--- DATASET EXTRACT Enclosed Below ---

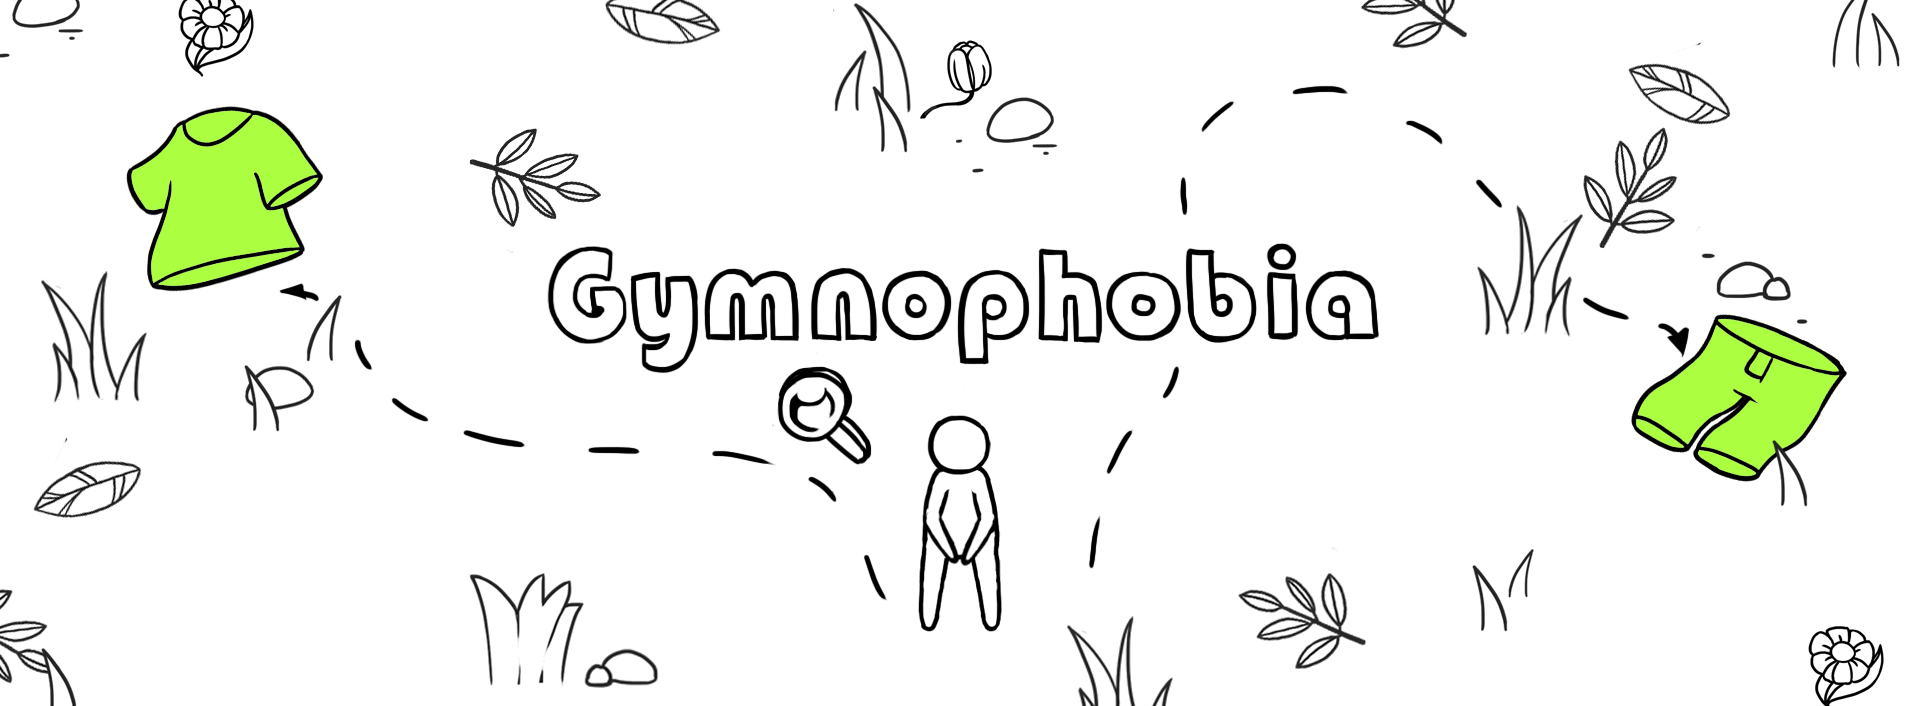 Gymnophobia
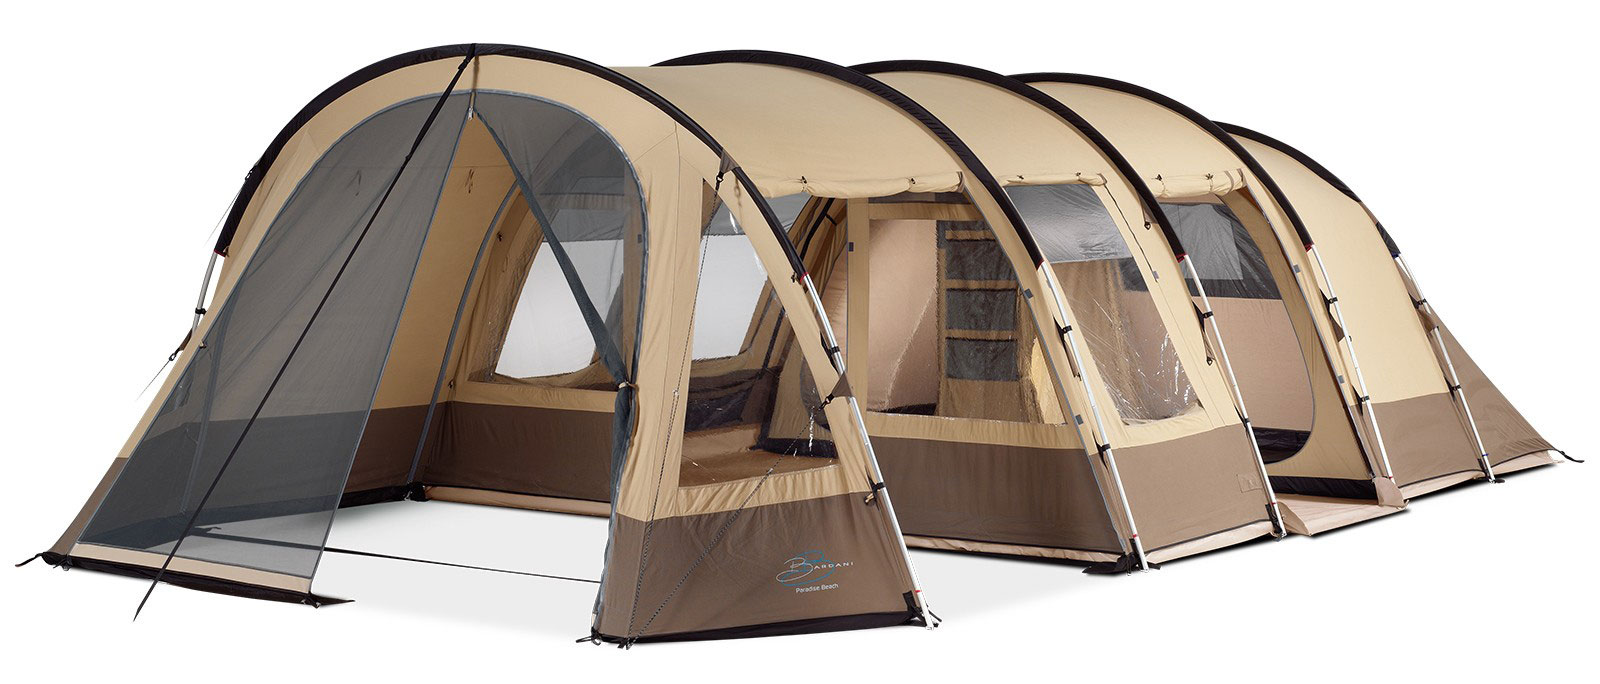 Tente de camping hollandaise
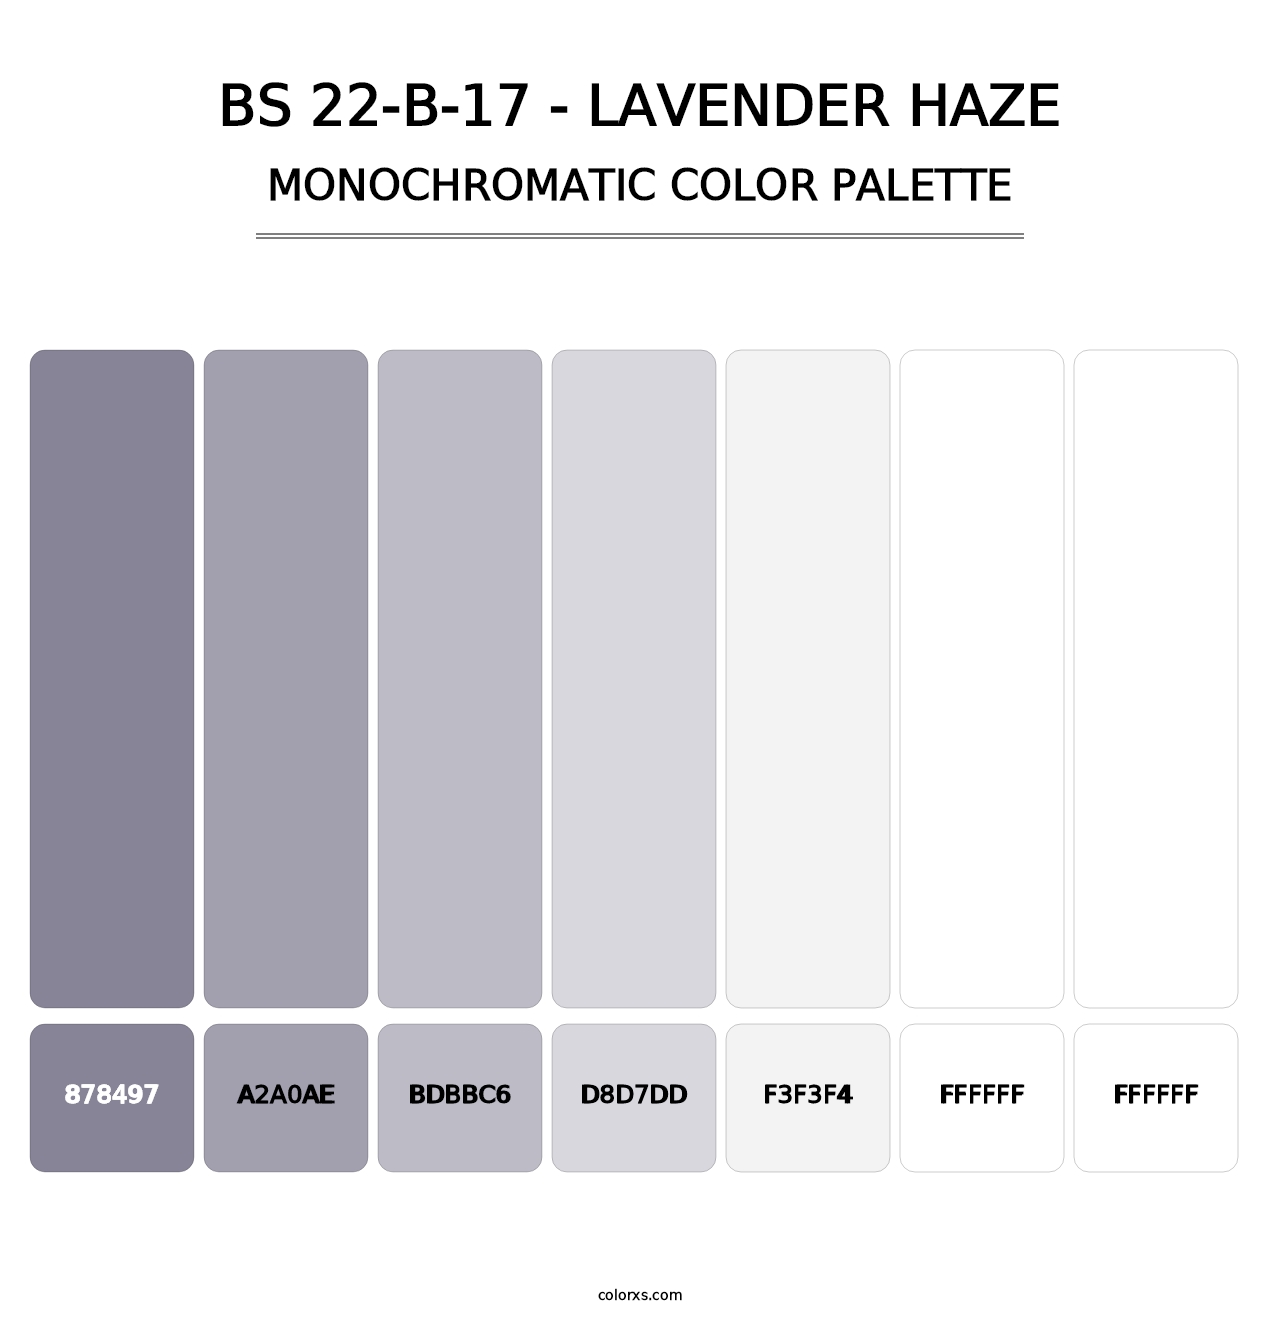 BS 22-B-17 - Lavender Haze - Monochromatic Color Palette
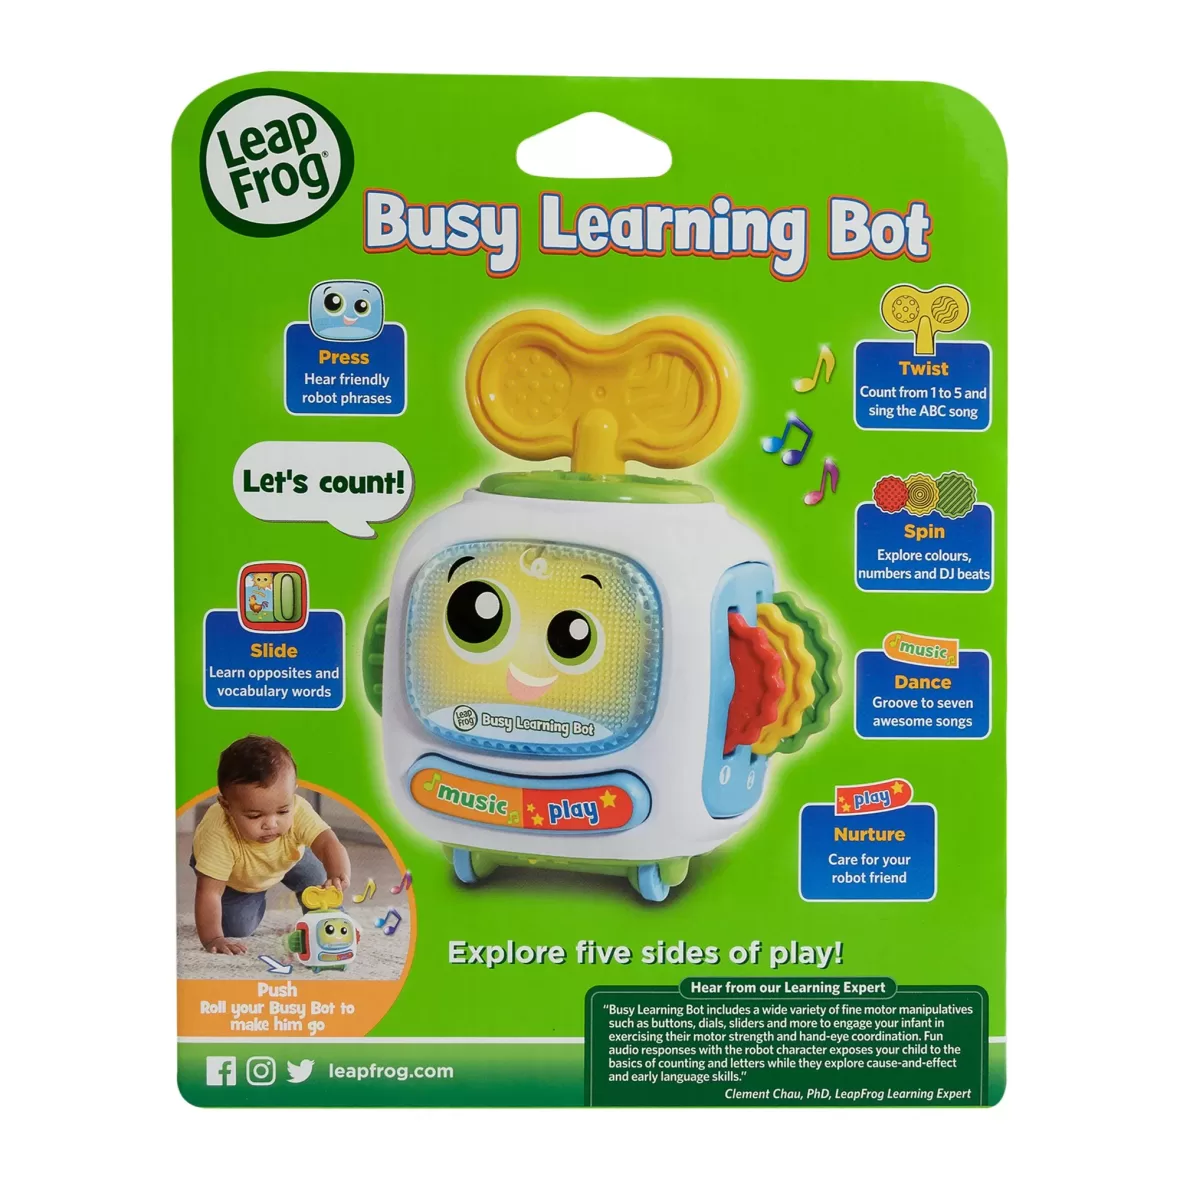 Leapfrog_Busy Learning BOT_4

--- End of Enclosed DATASET EXTRACT ---

■ TASK GOAL: Copy the data exactly. Pictures do not belong in the copy.

■ PROBLEM SOLUTION:
 Gymnophobia
 Tente de camping hollandaise
 BS 22-B-17 - Lavender Haze - Monochromatic Color Palette
 Leapfrog_Busy Learning BOT_4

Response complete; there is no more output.